The Ebola catastrophe that threatens to be the next deadly pandemic is entirely unleashed by capitalism and will be a holocaust against the poor.
It is a product of environmental destruction, overcrowding, hunger and the absence of public health infrastructure – exacerbated by years of war.
The virus is not new and has been extensively studied for nearly 40 years, not least because it’s first appearance in 1976 in Southern Sudan and then in Congo (from whose Ebola river it gets it’s name) was suspected of being a Cold War biological plot by the respective rival super powers.
It is one of a range of Haemorrhagic Fever viruses to have dwelt harmlessly in their hosts in deep forest interiors that have crossed the species barrier as environmental exploitation for logging and minerals brings them into closer contact with humans.
Previous outbreaks of virulent diseases like Ebola or Marburg virus (more familiar as Green Monkey disease) have occurred in small isolated communities and have been ruthlessly quarantined to burn themselves out, often by the affected communities themselves. But war and commercial interest have rapidly increased urban migration and populations living in large shanty towns. Poor in income and food choices, many are dependent on the trade in ‘bush meats’ to eat, increasing contact with host species. In the case of this outbreak, the trade in Fruit Bat meat, a known host of the virus, is seen as the most likely cause.
Now, poverty, combined with overcrowding and poor sanitation have turned what might previously have burned out into a raging firestorm – with very few people to fight the fire. Liberia had just 100 medical doctors at the beginning of the outbreak and the medical charity Medicins Sans Frontieres (MSF) has borne the brunt, with the help of local largely unqualified volunteers. This has been the case in Guinea and Sierra Leone too.
It is the scale of this challenge versus the paucity of resources that has led to the abandonment of well established protocols for responding to an outbreak. And it has come as no surprise. In May, MSF made clear they were overwhelmed and that neither they nor the governments of the affected countries could contain or treat the epidemics. They had indicated in March that this point would soon be reached.
Seven months later we prepare for its imminent arrival in the world outside Africa, shutting the stable door after the horse has bolted.
The World Health Organisation and United Nations appear to have woken up – but they are not benign third parties, they are effectively the international organs of the wealthy major powers. While promises and preparations begin for an effective response, infection rates are rising exponentially, doubling every 3 weeks. Numbers in West Africa, as more countries in the region report cases ( notably Nigeria, Africa’s largest economy), are expected to rise from the current 10,000 to nearly 1,500,000 early next year.
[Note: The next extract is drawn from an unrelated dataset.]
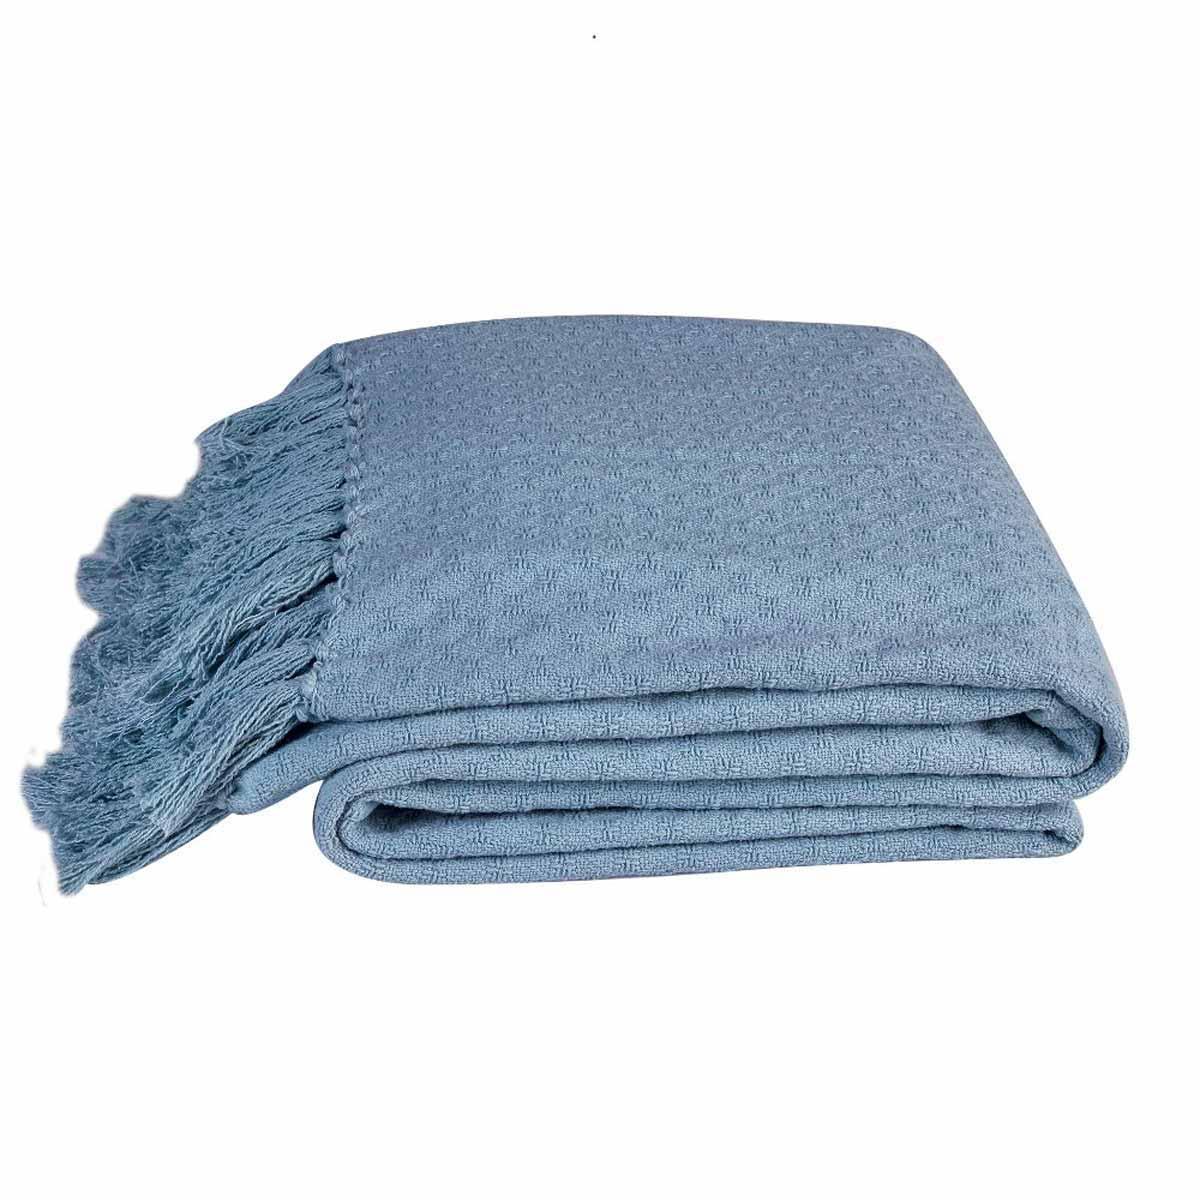 Κουβέρτα Πλεκτή Ημίδιπλη 2 Όψεων Kentia Loft Priya 19

Care currently, where it’s provided, is palliative – there is no available treatment or vaccine. If people survive long enough through feeding and hydration, their immune systems begin to fight back and may beat the virus. 50% will survive. Where this care isn’t available, mortality soars to 70-80%. The maths is not rocket science.
Comparisons of scale and proportionality are erroneously being draw with other major global killers like Malaria and HIV, but these are diversions that don’t stand up to scrutiny.
Malaria kills nearly a million people a year with perhaps 200 ,000,000 cases. On the face of it, Ebola seems negligible. But malaria is a known quantity and people with malaria do not go on to infect twice their number every 3 weeks.
HIV began as a cross species infection, probably in the 1950’s. Its asymptomatic phase is around 10 years and while it can be specifically transmitted, it is not infectious passing through ordinary human contact.
There is however one striking parallel – those who these diseases kill are overwhelming the worlds poorest people, and as with Ebola, the rich world belatedly responded when its own interests of commerce and profit where threatened.
It took 15 years for effective HIV treatments to emerge following the first reported cases, a luxurious time scale compared to Ebola.
Poor people, black people, cheap labour, capitalism’s ‘variable capital’ is seen as expendable. But now the developed world’s trade, profit and security interests are directly affected, and capitalism belatedly responds. Its self interest is always short term and this greedy self interest now confronts us with a potential crisis of unimaginable proportions.
Africa is portrayed as a continent in perpetual crisis – those portraying it as such seldom own up to being the cause. As the state managers of capital prepare to pull up the drawbridge and impose their own forms of self interested quarantine, millions in Africa will be left to die.
Governments are already using this, as with the other monsters they have created (the war on terror, recession and debt) to cow and intimidate us into compliance and submission – if we let them!
Even when this slaughter has been stopped or burned out, the ruthless exploitation of the planet and its people for profit has more doors to catastrophe to open to enrich the few at the expense of the rest of us. Our struggle against it is literally a mater of life or death. Its eradication or ours.